I really wanted that because I love the look of the late ’80s, early ’90s in terms of music and TV. I was on Mädchen Amick’s Instagram and I found a post where she was saying “Shelly’s lip liner, still going, Mac Spice!” I thought, “That’s definitely going in the photo!” And I like the idea of a yearbook setting because I boycotted my university graduation because they tried to throw me out and my actual leavers photo was pretty shit so I just thought, “Well, why don’t I create my own fantasy yearbook photo that’s around the era I’m drawing influence from?” Then people can look at Patrick Saville and Morgan Hislop’s designs and say, “Oh, I know what this is going to sound like,” rather than, “What’s E dot M dot M dot A?” So it’s actually been quite therapeutic developing the visual side, to be honest.

Something else that reminded me of David Lynch was the phrase “the fluid nature of a dream” in some of the promo material.

I like the idea of dream sequences because there’s a structure of sorts, but it doesn’t quite make sense. That’s the perfect way to approach doing an album because when I sat down to structure it I wanted to give myself a bit of a buffer. If I think of it logically, but also a little bit illogically, then it doesn’t have to make sense. That appealed to me because I wanted it to make more sense listening through than picking out one track. That’s really what you want for an album.

Your label, Pastel Prism, recently released Dexplicit’s Digital Monk EP. How did that one come about?

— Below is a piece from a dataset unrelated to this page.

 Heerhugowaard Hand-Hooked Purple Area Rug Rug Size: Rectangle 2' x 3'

It’s been quite funny how our friendship developed since we met at [production camp] Producer Girls. I just think back to when I was a teenager, bopping around to “Pow!” Sometimes I can’t believe we’re actually friends and doing stuff. We’ve been talking about Dex doing something on my label for a long time, and we’re into a lot of similar retro sounds like Giorgio Moroder. We can literally have the same conversation about Scarface for an hour, maybe every three months [laughs]. We just go over the same points, sending YouTube videos to each other. Dex told me about this thing on Netflix called Queen Of The South. The music is Giorgio Moroder but it’s like a pastiche of Scarface. It’s just really nice that we met because we both wanted to do free teaching for people but because we’ve both got such similar musical influences we’ve been able to collaborate creatively. I couldn’t have asked for a better person to put out on the label. I’m just really glad that it went well. 

On the subject of Producer Girls, I noticed there’s been some bits on Instagram, but have you been doing sessions during lockdown?

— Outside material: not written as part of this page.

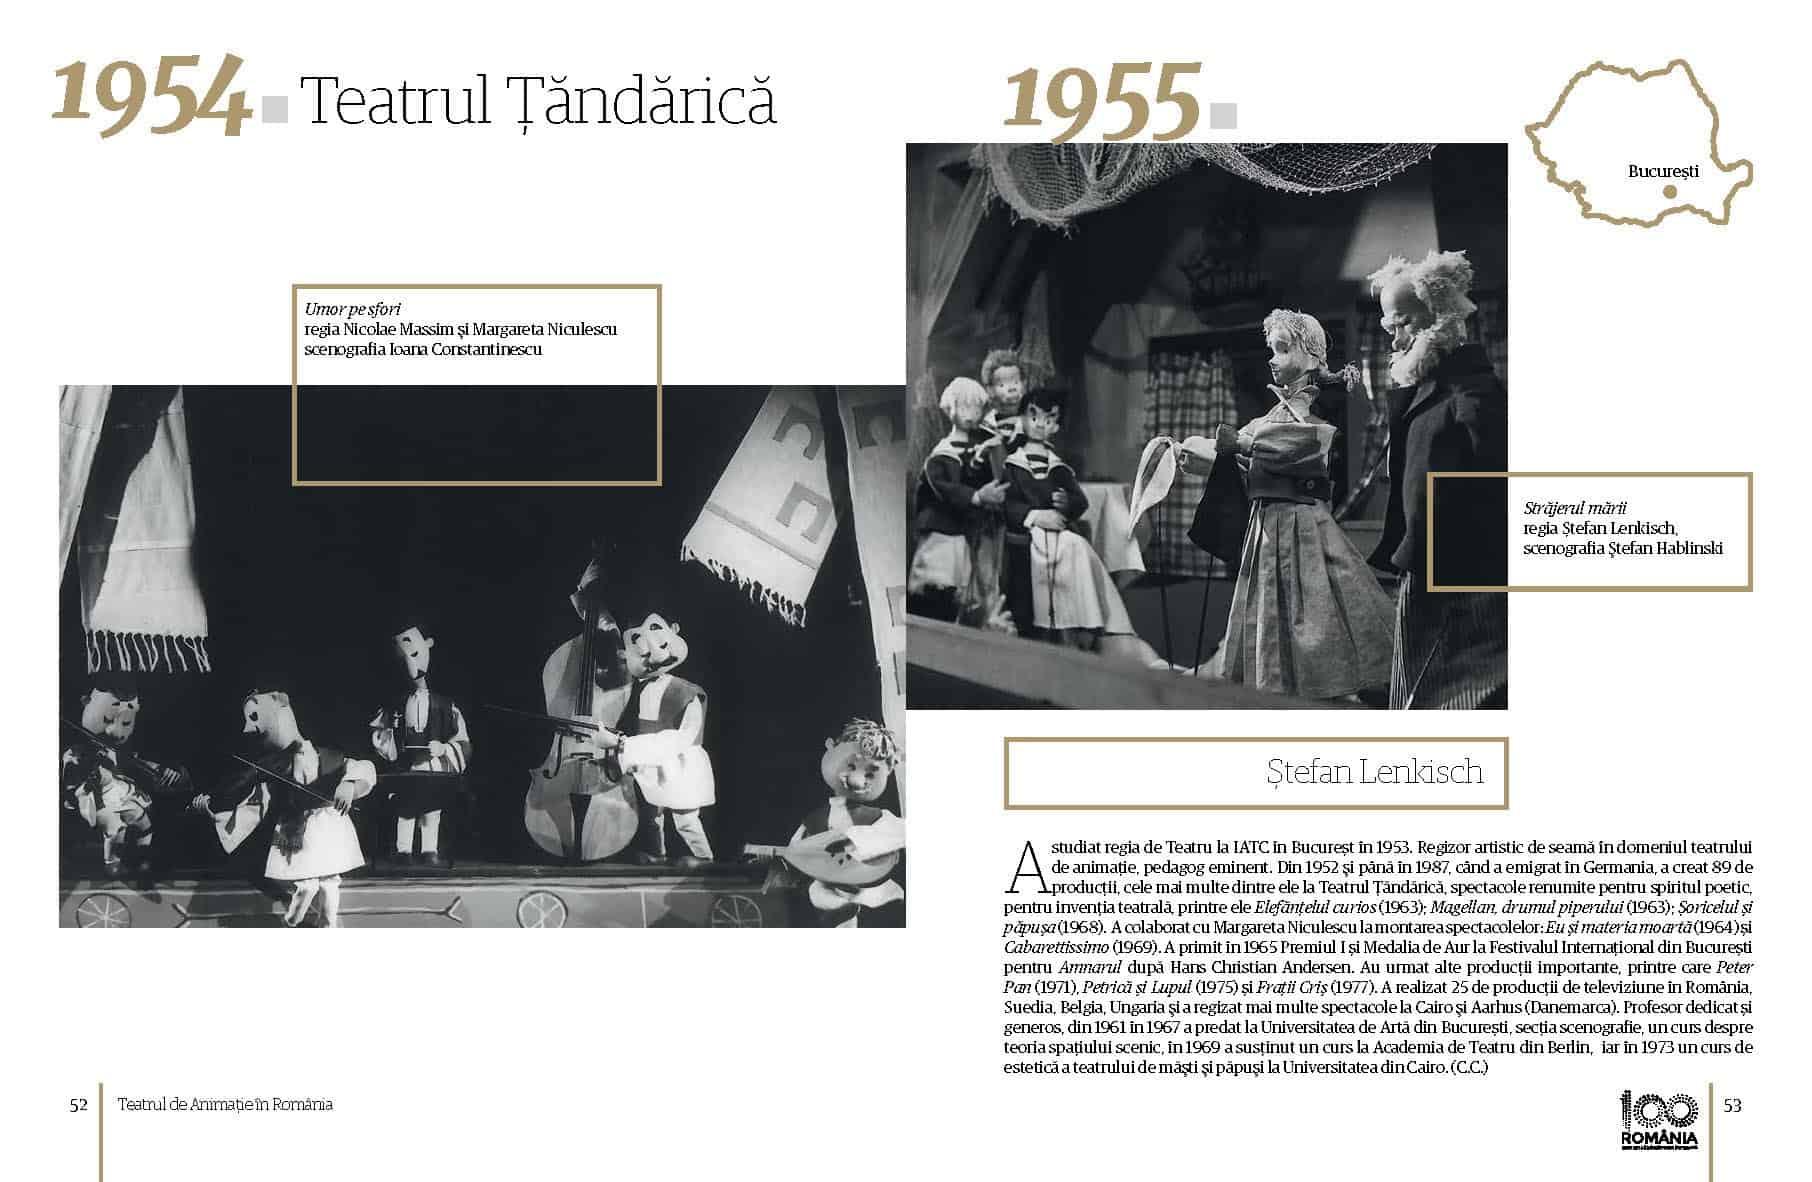 Album Teatrul de Animatie in Romania final preview fata in fata Page 27

No, we ran a few around the country from 2016-18, which was helped by the kickstarter funding. I was about to start it again this year, but the way that everything happened, it got pushed back. I’d prioritised it for over two years where I wasn’t making any music or doing anything else and it was really enjoyable, but then it got a bit tricky to continue with everyone’s day jobs. When lockdown happened I suddenly looked at the Instagram, which I hadn’t really looked at in a few months, and I thought, “We’ve got all these followers who could actually do with some tips and it’d be easy for me to do.” I definitely underestimated how much of a community it is. Everyone seems to absolutely love it. 

There’s definitely a hunger for learning new skills, but I guess it’s a question of funding it as well.

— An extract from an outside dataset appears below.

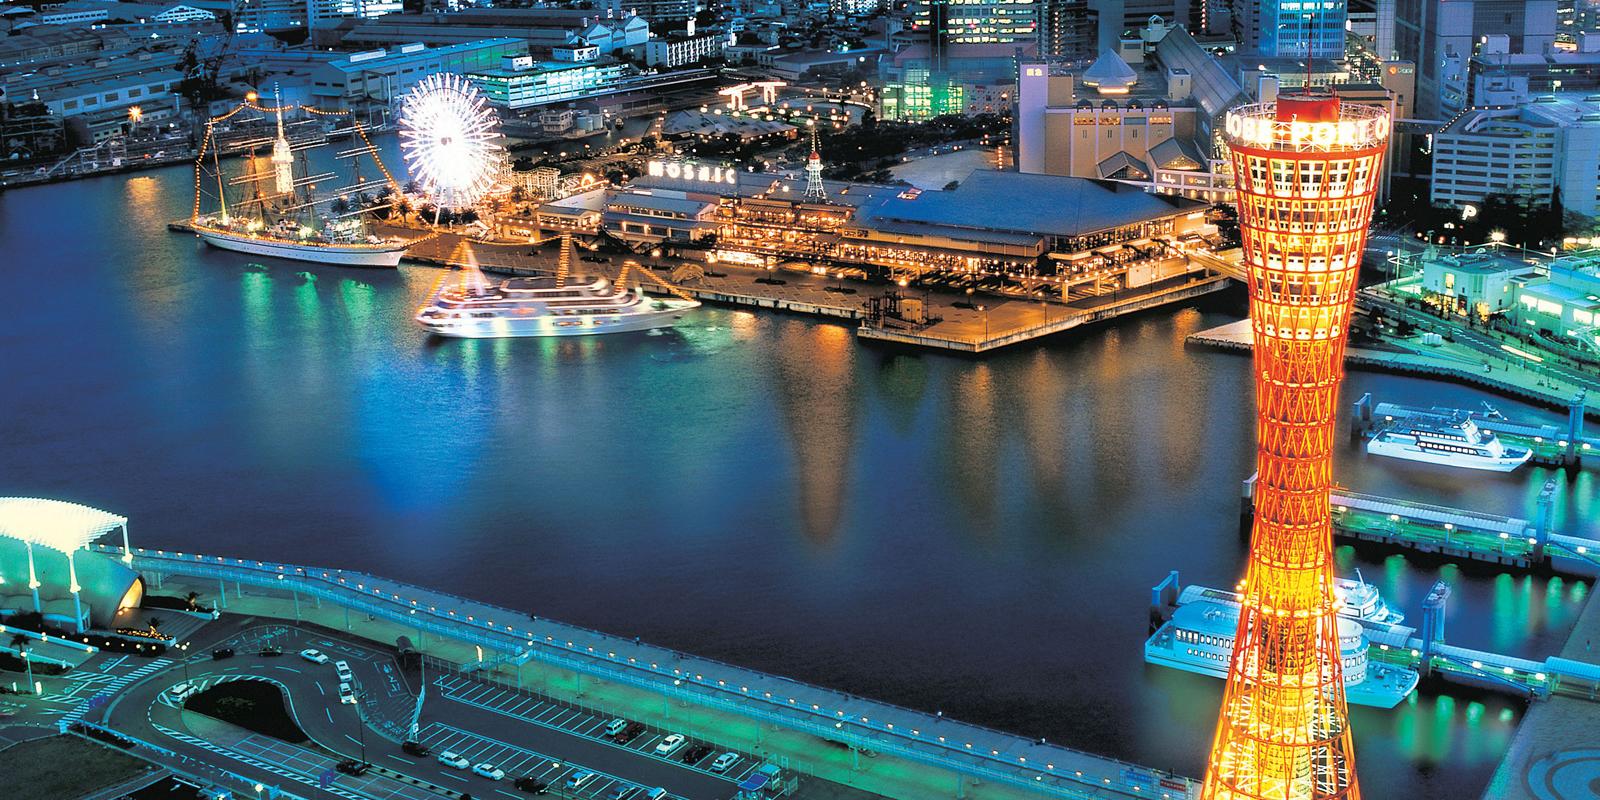 神戸の観光おすすめスポット!子供が楽しめる人気の場所から穴場までご紹介!

It’s an interesting conundrum because a lot of where this country’s gone wrong is the amount it charges for education. It’s ridiculous how much you have to pay to learn anything and how young you’ve got to be before you decide what you want to do. A lot of people I know in their 30s are retraining in completely different careers. With Producer Girls, I’m trying to learn the business side of how to get funding from somewhere. I’m trying to keep it as a casual DIY project at the moment, but I’m starting to think there’s a need for more of this. It can grow a lot, but for now I’m just focusing on what I can deliver myself and then, hopefully, once all this shit’s gone away, I can get my head together and grow it even further.